Note: Texas Medicaid managed care organizations (MCOs) must provide all medically necessary, Medicaid-covered services to eligible clients. Administrative procedures such as prior authorization, pre-certification, referrals, and claims/encounter data filing may differ from traditional Medicaid (fee-for-service) and from MCO to MCO. Providers should contact the client's specific MCO for details.
Effective for dates of service on or after October 6, 2020, COVID-19 testing procedure code 87637 will require the modifier QW when billed. Affected claims submitted with dates of service on or after October 6, 2020, may be reprocessed.

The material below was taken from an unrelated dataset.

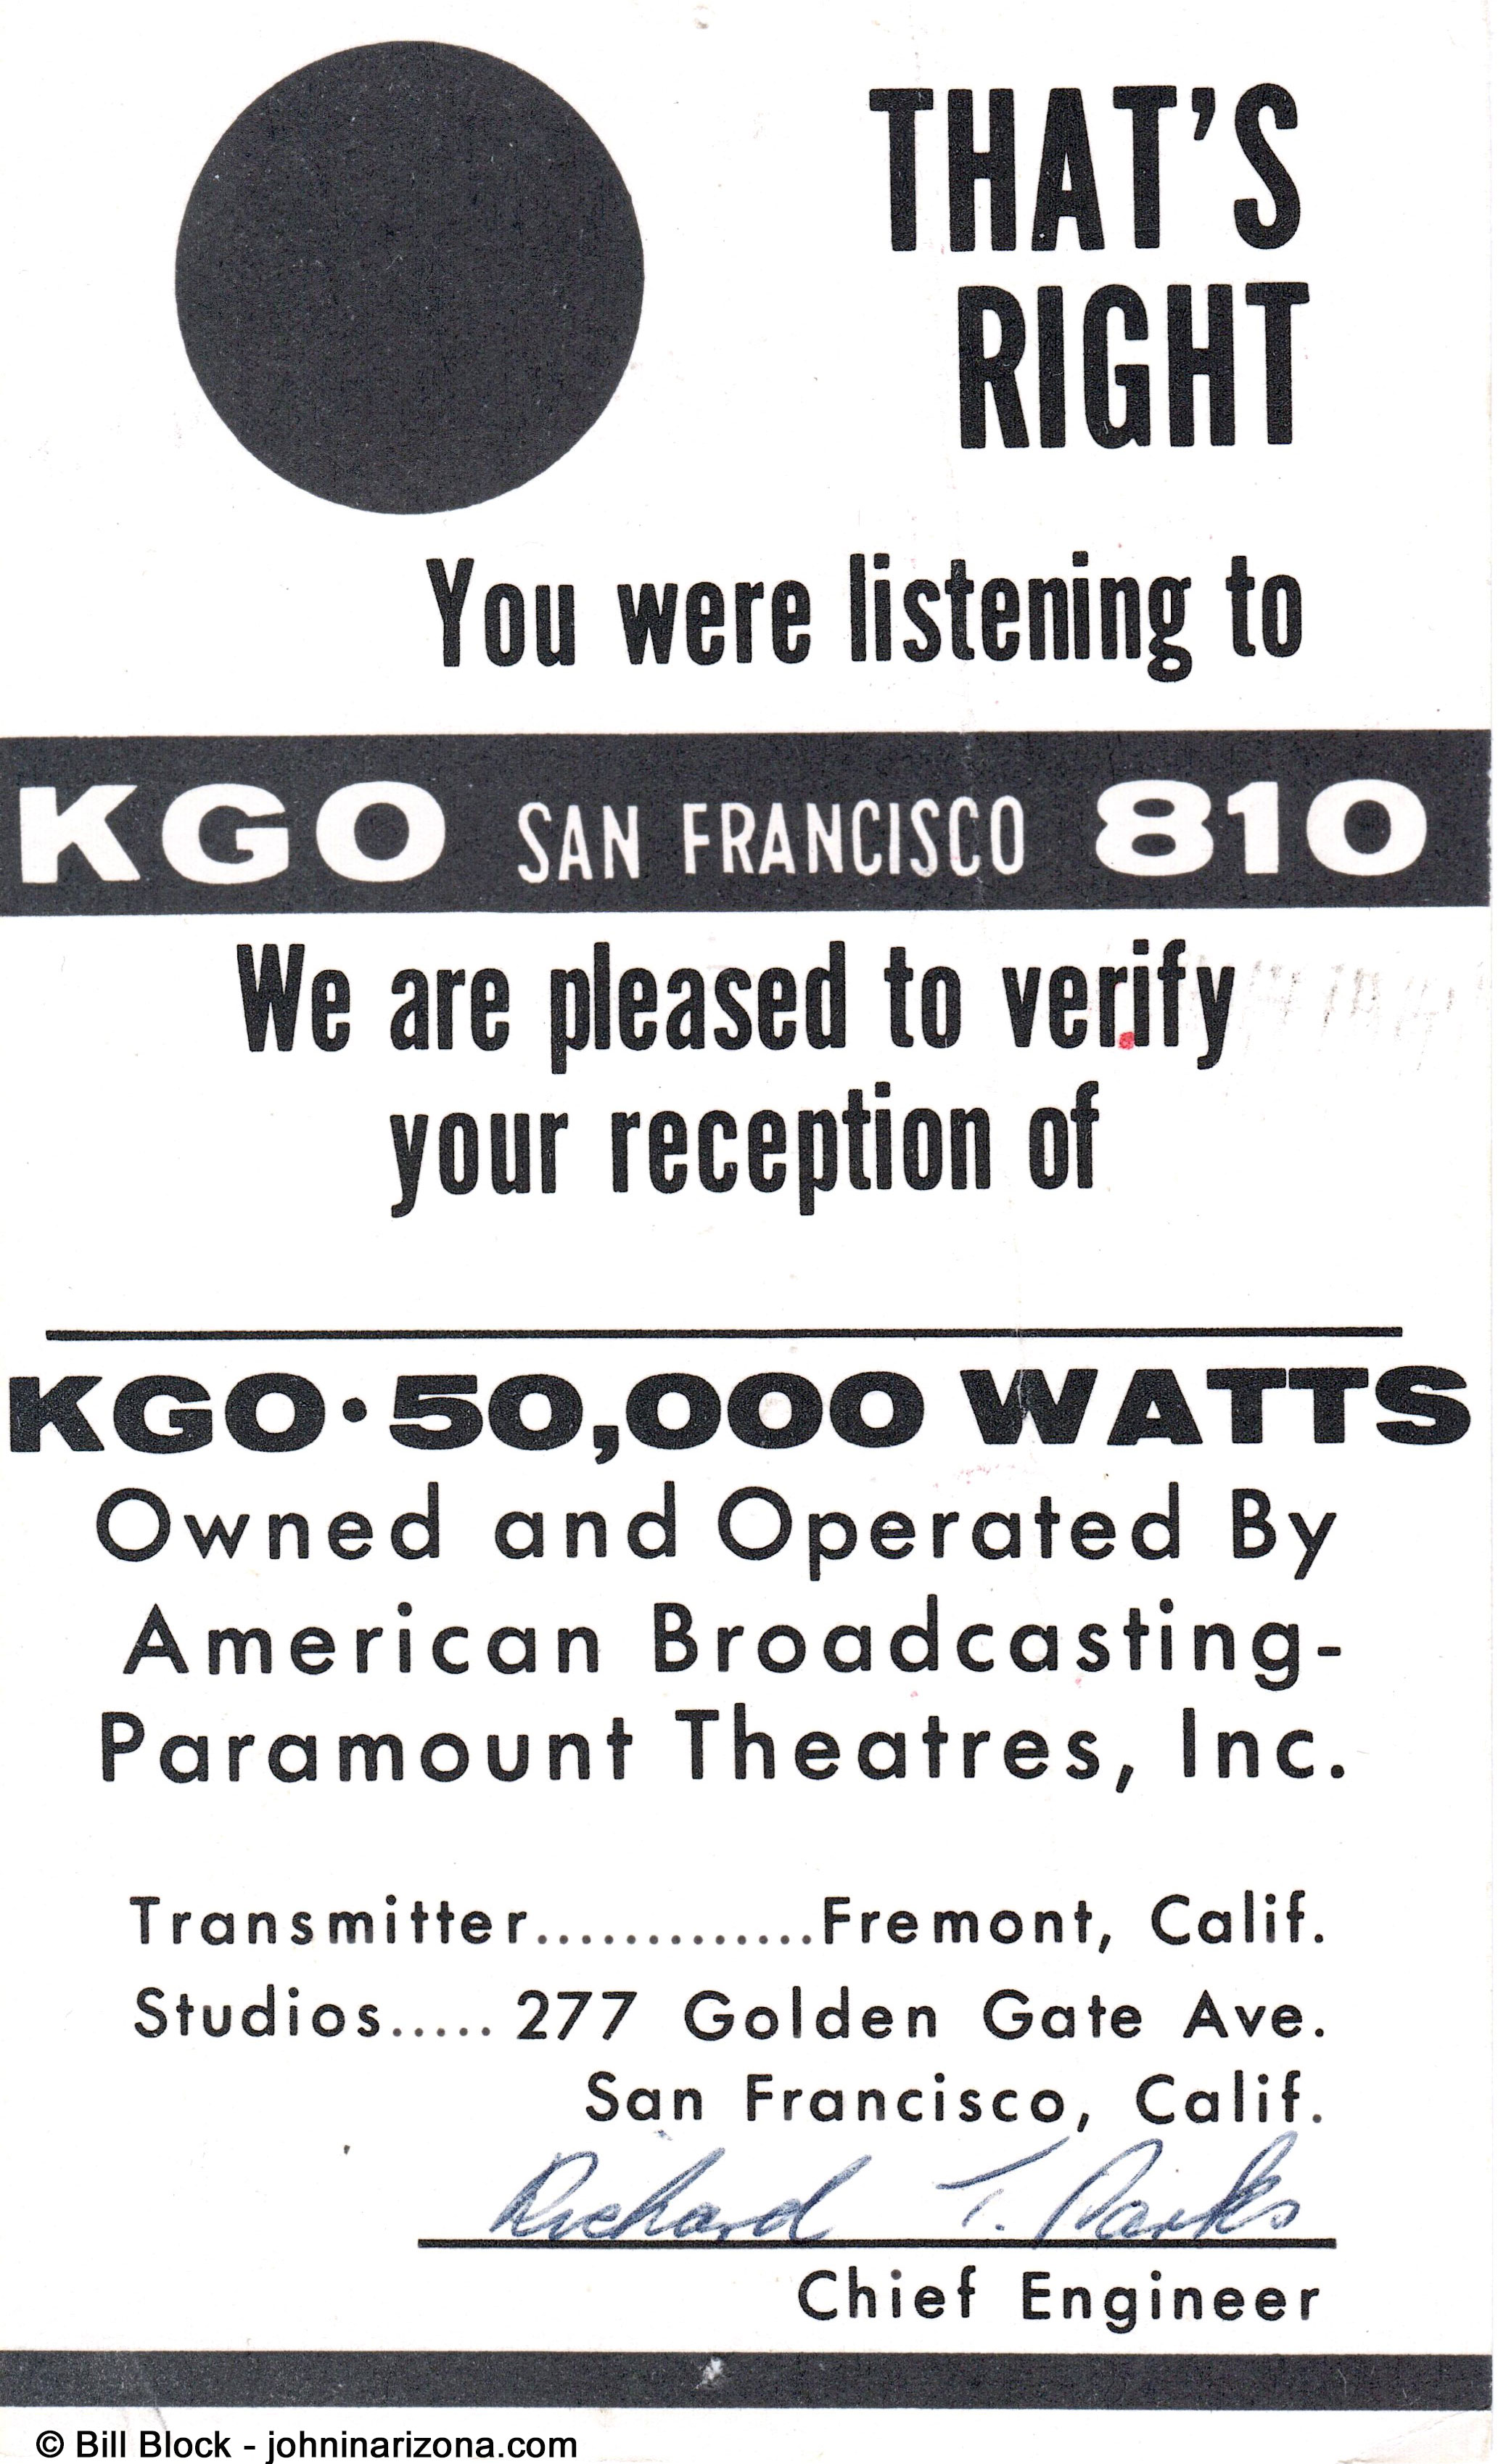 KGO Radio 810 San Francisco, California

When the claims are reprocessed, providers may receive additional payment, which will be reflected on Remittance and Status Reports.
Note: Providers are not required to appeal the claims unless they are denied for other reasons after the claims reprocessing is complete.
For more information about procedure code 87637, providers can refer to the articles, “COVID-19 Testing Procedure Codes 87636, 87637, and 87811 Are Now Benefits,” and “COVID-19 Testing Procedure Codes 87636, 87637, and 87811 Are Now Benefits of the CSHCN Services Program,” which were published on the TMHP website.
Reminder: Providers must have the required Clinical Laboratory Improvement Amendments (CLIA) certification on file, and they must use the QW modifier when it is required, per the Centers for Medicare & Medicaid Services. Claims will be denied if the QW modifier is not present on applicable CLIA-waived tests. Providers must refer to the CMS CLIA website for information about CLIA-waived tests, provider certifications, and billing requirements.